Work order
Write out every line exactly, from the first line of the records below through the line that contains "OECD Development Centre".

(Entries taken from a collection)
--------
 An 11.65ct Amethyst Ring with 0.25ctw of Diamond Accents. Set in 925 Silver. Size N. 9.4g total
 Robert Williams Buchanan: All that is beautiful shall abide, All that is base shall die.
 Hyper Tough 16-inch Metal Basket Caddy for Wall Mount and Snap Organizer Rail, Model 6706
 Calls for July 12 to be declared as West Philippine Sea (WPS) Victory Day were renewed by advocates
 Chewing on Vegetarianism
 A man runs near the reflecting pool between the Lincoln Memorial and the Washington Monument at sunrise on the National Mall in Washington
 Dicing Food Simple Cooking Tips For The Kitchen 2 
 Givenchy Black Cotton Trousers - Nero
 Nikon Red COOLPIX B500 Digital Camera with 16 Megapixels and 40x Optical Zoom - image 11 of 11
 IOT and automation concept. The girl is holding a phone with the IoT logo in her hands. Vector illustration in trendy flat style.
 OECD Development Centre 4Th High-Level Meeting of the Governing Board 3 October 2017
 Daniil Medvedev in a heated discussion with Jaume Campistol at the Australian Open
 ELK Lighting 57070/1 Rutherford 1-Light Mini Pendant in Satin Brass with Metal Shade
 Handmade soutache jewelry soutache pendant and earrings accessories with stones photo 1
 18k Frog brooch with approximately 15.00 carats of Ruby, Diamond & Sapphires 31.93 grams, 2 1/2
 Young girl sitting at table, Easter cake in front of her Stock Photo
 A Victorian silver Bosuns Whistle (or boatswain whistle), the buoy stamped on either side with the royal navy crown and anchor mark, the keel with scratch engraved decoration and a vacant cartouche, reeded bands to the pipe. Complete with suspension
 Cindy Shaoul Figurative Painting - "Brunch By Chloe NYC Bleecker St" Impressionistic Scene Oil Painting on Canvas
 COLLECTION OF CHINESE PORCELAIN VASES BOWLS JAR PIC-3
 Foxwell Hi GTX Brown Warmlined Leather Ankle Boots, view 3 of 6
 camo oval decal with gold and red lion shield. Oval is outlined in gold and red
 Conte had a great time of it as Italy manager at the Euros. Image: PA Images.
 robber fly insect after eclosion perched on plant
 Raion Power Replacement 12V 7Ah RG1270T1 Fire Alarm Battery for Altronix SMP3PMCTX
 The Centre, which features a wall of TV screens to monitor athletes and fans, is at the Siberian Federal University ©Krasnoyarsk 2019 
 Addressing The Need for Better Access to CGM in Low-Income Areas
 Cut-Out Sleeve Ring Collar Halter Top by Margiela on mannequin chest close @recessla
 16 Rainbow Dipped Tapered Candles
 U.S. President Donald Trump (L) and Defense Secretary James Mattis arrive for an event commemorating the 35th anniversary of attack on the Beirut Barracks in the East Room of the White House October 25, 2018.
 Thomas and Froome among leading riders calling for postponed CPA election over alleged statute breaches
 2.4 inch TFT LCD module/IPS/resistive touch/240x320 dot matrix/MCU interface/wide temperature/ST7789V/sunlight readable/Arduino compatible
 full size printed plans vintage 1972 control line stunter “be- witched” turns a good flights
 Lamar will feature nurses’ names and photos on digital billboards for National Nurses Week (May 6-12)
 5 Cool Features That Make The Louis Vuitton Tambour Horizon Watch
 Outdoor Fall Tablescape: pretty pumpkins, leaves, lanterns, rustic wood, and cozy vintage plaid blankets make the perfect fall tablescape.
--------
Response to this task
 An 11.65ct Amethyst Ring with 0.25ctw of Diamond Accents. Set in 925 Silver. Size N. 9.4g total
 Robert Williams Buchanan: All that is beautiful shall abide, All that is base shall die.
 Hyper Tough 16-inch Metal Basket Caddy for Wall Mount and Snap Organizer Rail, Model 6706
 Calls for July 12 to be declared as West Philippine Sea (WPS) Victory Day were renewed by advocates
 Chewing on Vegetarianism
 A man runs near the reflecting pool between the Lincoln Memorial and the Washington Monument at sunrise on the National Mall in Washington
 Dicing Food Simple Cooking Tips For The Kitchen 2 
 Givenchy Black Cotton Trousers - Nero
 Nikon Red COOLPIX B500 Digital Camera with 16 Megapixels and 40x Optical Zoom - image 11 of 11
 IOT and automation concept. The girl is holding a phone with the IoT logo in her hands. Vector illustration in trendy flat style.
 OECD Development Centre 4Th High-Level Meeting of the Governing Board 3 October 2017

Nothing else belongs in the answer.